How is this an eigenvalue problem?

Question

In a paper that I'm reading, the author mentions something of this sort:-

...we arrive at an eigenvalue problem defined by the following matrix equation:

$ \left[ {\begin{array}{ccc} \sinh(\beta) & \sin(\gamma) \\ \beta \psi_\beta \sinh(\beta) & \gamma \psi_\gamma \sin(\gamma) \\ \end{array} } \right] \left[ {\begin{array}{cc} C_2\\ C_4\\ \end{array} } \right] =0 $

The eigenvalues are obtained by setting the determinant of the matrix to $0$ and then solving the characteristic equation. By solving the characteristic equation, one obtains $\sin(\gamma) = 0 \implies \gamma =n\pi $.
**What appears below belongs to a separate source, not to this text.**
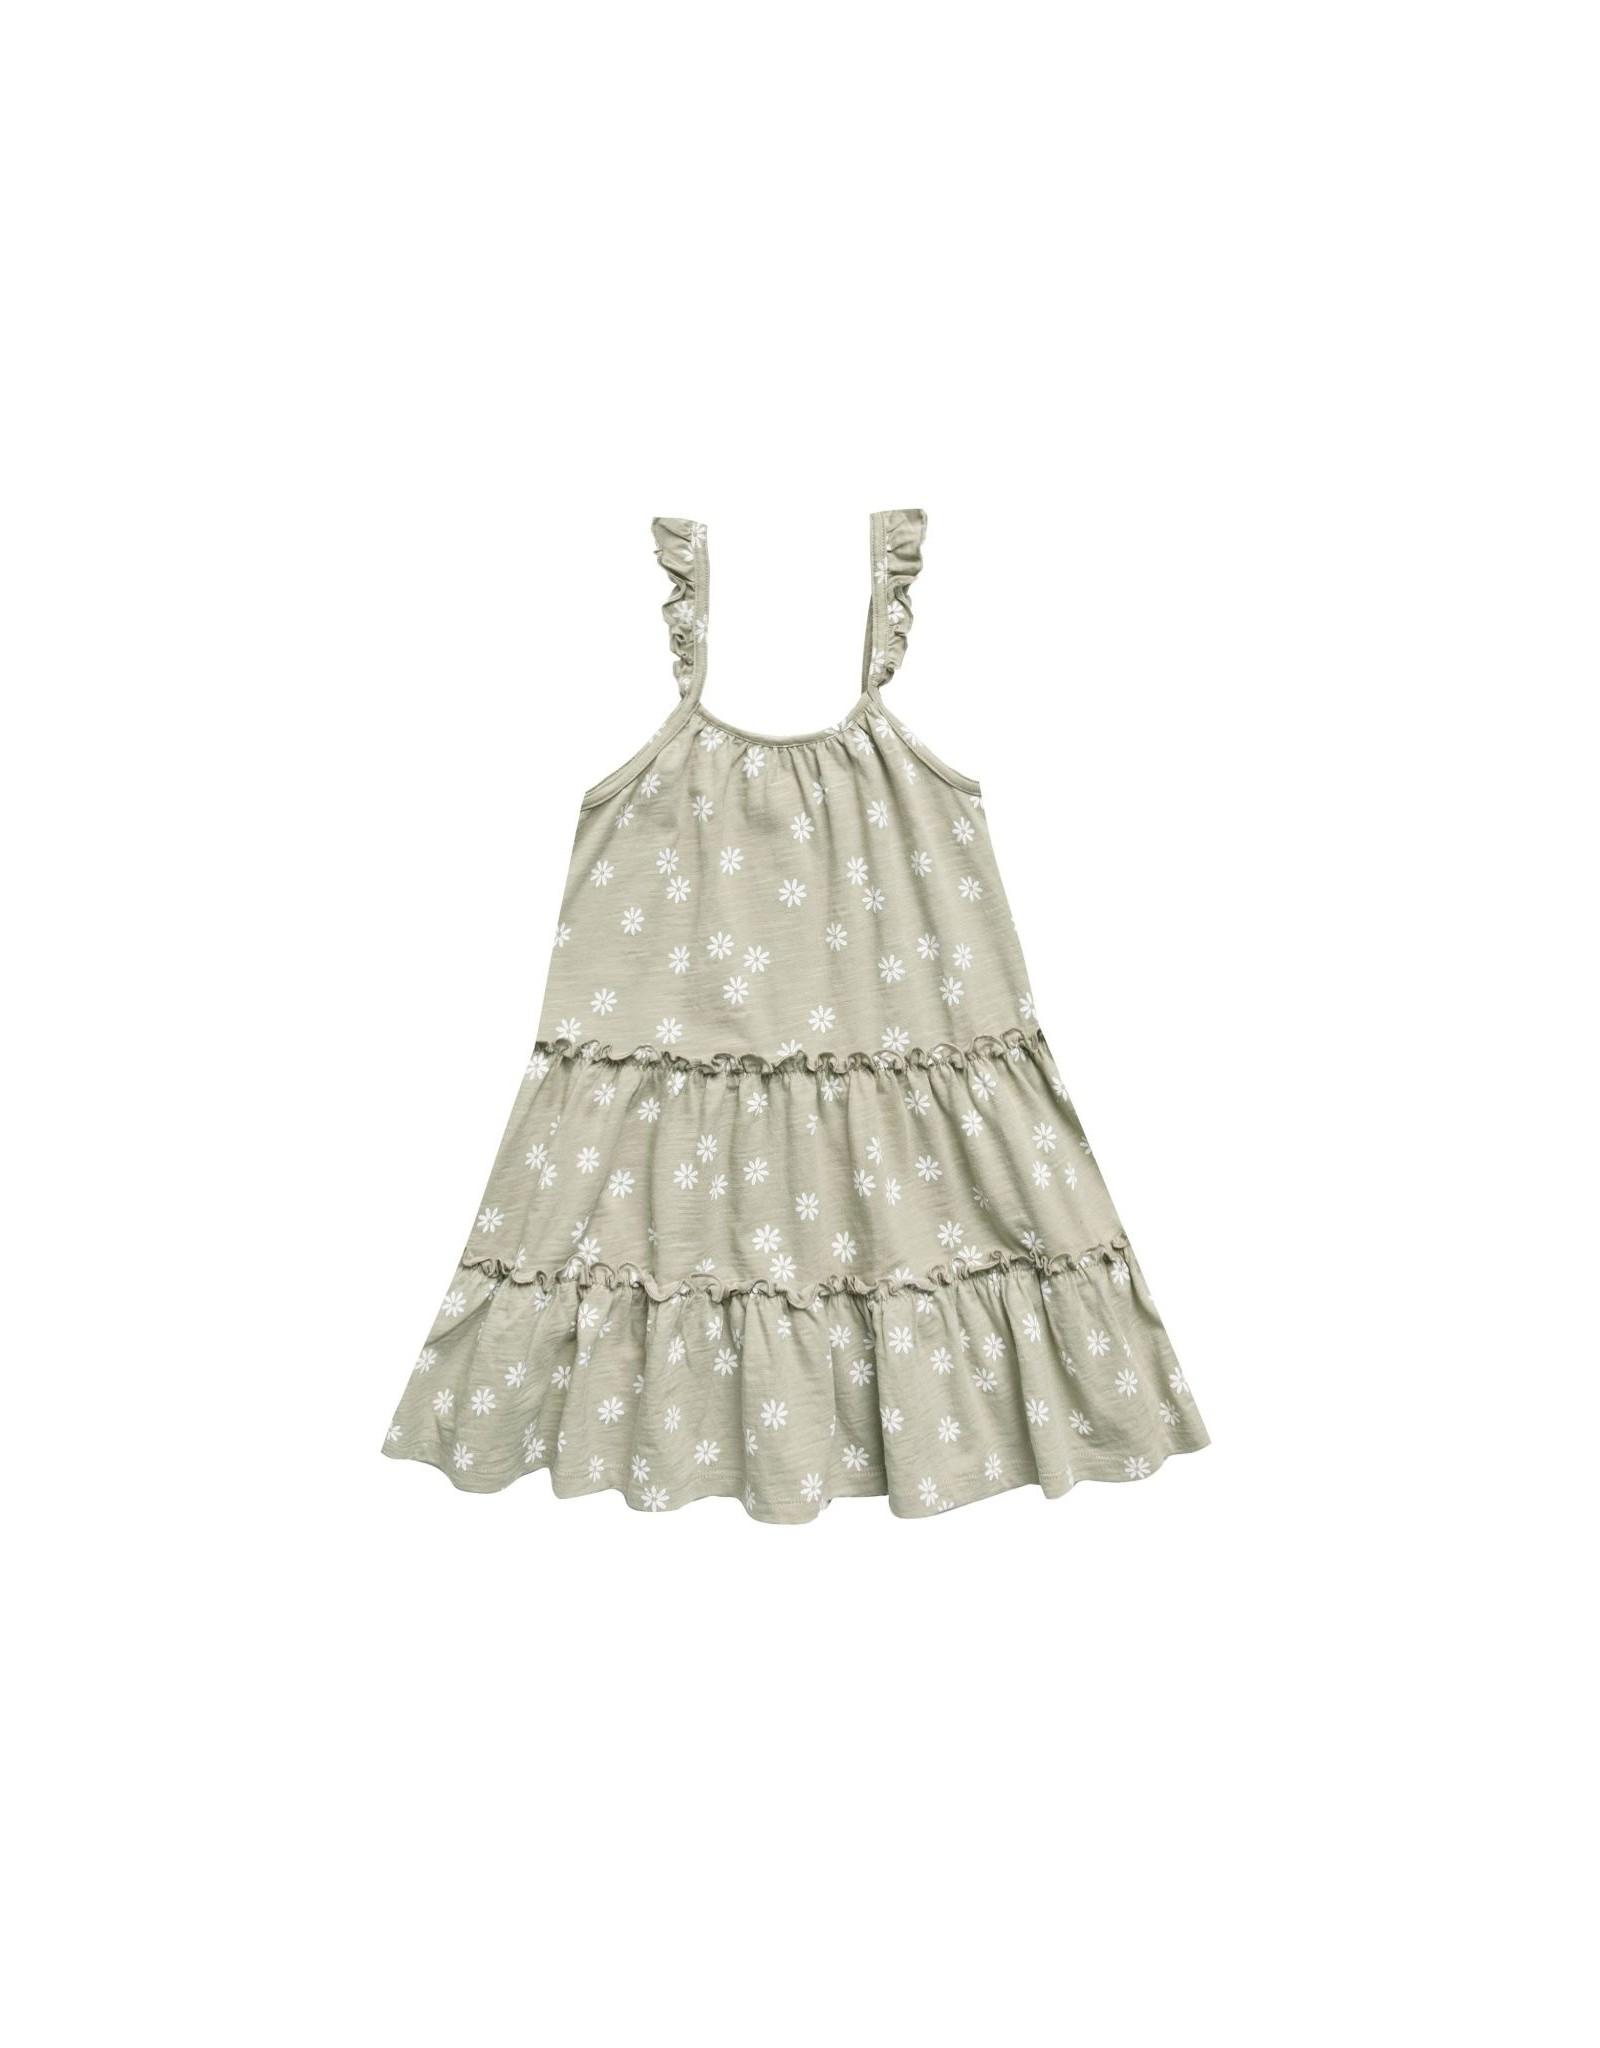 Rylee & Cru Rylee & Cru Daisy Confetti Tiered Jersey Dress

I admit I haven't had an introductory course in Linear Algebra yet, but I believe eigenvalues are $\lambda$ satisfying the matrix equation $Ax=\lambda x$, for some matrix $A$. But in the above case, the matrix equation is in the form $Ax=0$. Besides, obtaining $\sin(\gamma)=0$ is as simple as setting the determinant = $0$ (assuming that non-trivial solutions exist). How do eigenvalues and the characteristic equation come into the picture here?

Answer 1

What I think is meant is something like this, with $B$ = your matrix, you can transform to an eigenvalue problem as follows $$\begin{align} B\mathbf{x} &= \mathbf{0} \\ (B-I)\mathbf{x} + \mathbf{x} &= \mathbf{0}\\ (B-I)\mathbf{x} &= -\mathbf{x},\;\;\;\;\;\;\text{now set }A=I-B\\ A\mathbf{x} &= \mathbf{x} \end{align}$$

The standard way to transform from an eigenvalue problem to the characteristic equation is the opposite of this. $$\begin{align} A\mathbf{x} &= \lambda\mathbf{x}\\ A\mathbf{x} - \lambda\mathbf{x} &= \mathbf{0}\\ (A-I\lambda)\mathbf{x} &= \mathbf{0} \end{align}$$ You already have an $= \mathbf{0}$ equation so I must admit to wanting to have more information than "we arrive at an eigenvalue problem".